Congratulations to whoever actually read all this! ​


----------



## Mattos (Jul 15, 2008)

Neko said:


> *Behavior and Personality:* Shy and uncomfortable talking with strangers, Fae often keeps to herself and finds it hard to trust people, but once you get to know her she's kind and carefree. Open-mined and loyal, she can be ditsy and aloof when her mind is distracted.



Heh.
I think I'm not the only one at the world, at least.
My chara (and me) are just like this.


----------



## Mr. Someone (Jul 15, 2008)

Awww... come here.
*hugs*


----------



## Shadowwolf (Jul 15, 2008)

NEKO... Are you... The Neko from Washington?


----------



## Neko (Jul 15, 2008)

Mr. Someone said:


> Awww... come here.
> *hugs*


*hugs back*

Thanks for the hug. ^^-


----------



## Neko (Jul 15, 2008)

Shadowwolf said:


> NEKO... Are you... The Neko from Washington?

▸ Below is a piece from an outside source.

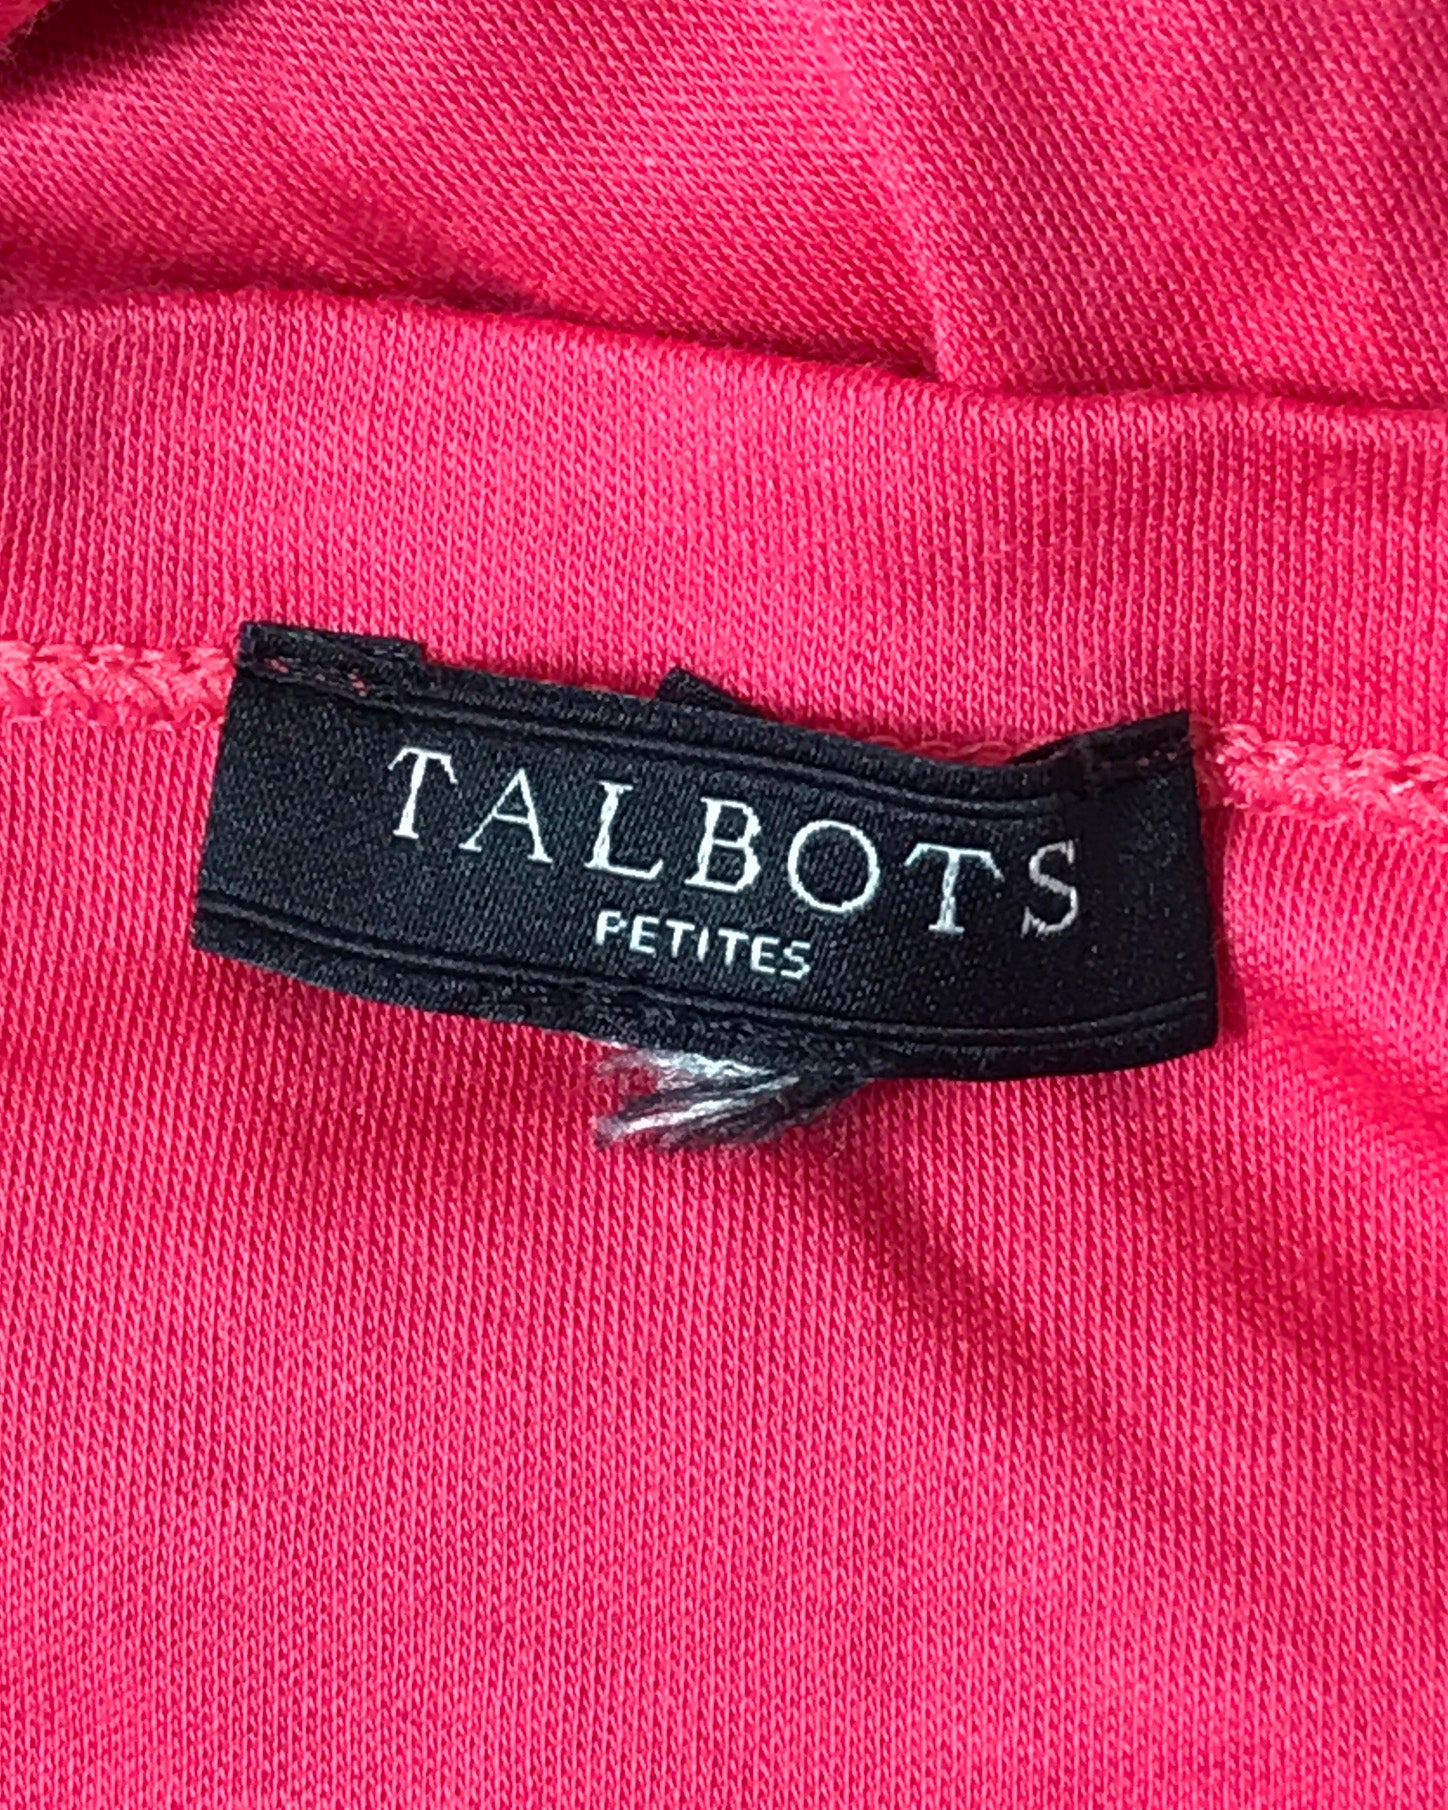 Talbots Pink Three-Quarter Sleeved Top Women's Size XS

I've never even been to Washington. xD


----------



## Neko (Jul 15, 2008)

Mattos said:


> Heh.
> I think I'm not the only one at the world, at least.
> My chara (and me) are just like this.


o:

Maybe our fursona's could get to know each other? Be friends...?


----------



## Mattos (Jul 15, 2008)

Neko said:


> o:
> 
> Maybe our fursona's could get to know each other? Be friends...?



I think we could try...
He have a rough story.
Not as rough as yours, but still...


----------



## Neko (Jul 15, 2008)

Mattos said:


> I think we could try...
> He have a rough story.
> Not as rough as yours, but still...


I'd definitely like to hear it if you've got the time to PM me. x:


----------



## Mattos (Jul 15, 2008)

I'll try to do it...

But now i realy need to go...

Tomorrow, maybe. (Here is 20:40 and I have class at 07:00 tomorrow XD)


----------



## Neko (Jul 15, 2008)

Mattos said:


> I'll try to do it...
> 
> But now i realy need to go...
> 
> Tomorrow, maybe. (Here is 20:40 and I have class at 07:00 tomorrow XD)


Haha, no problem. Tomorrow, then. Maybe. ^^


----------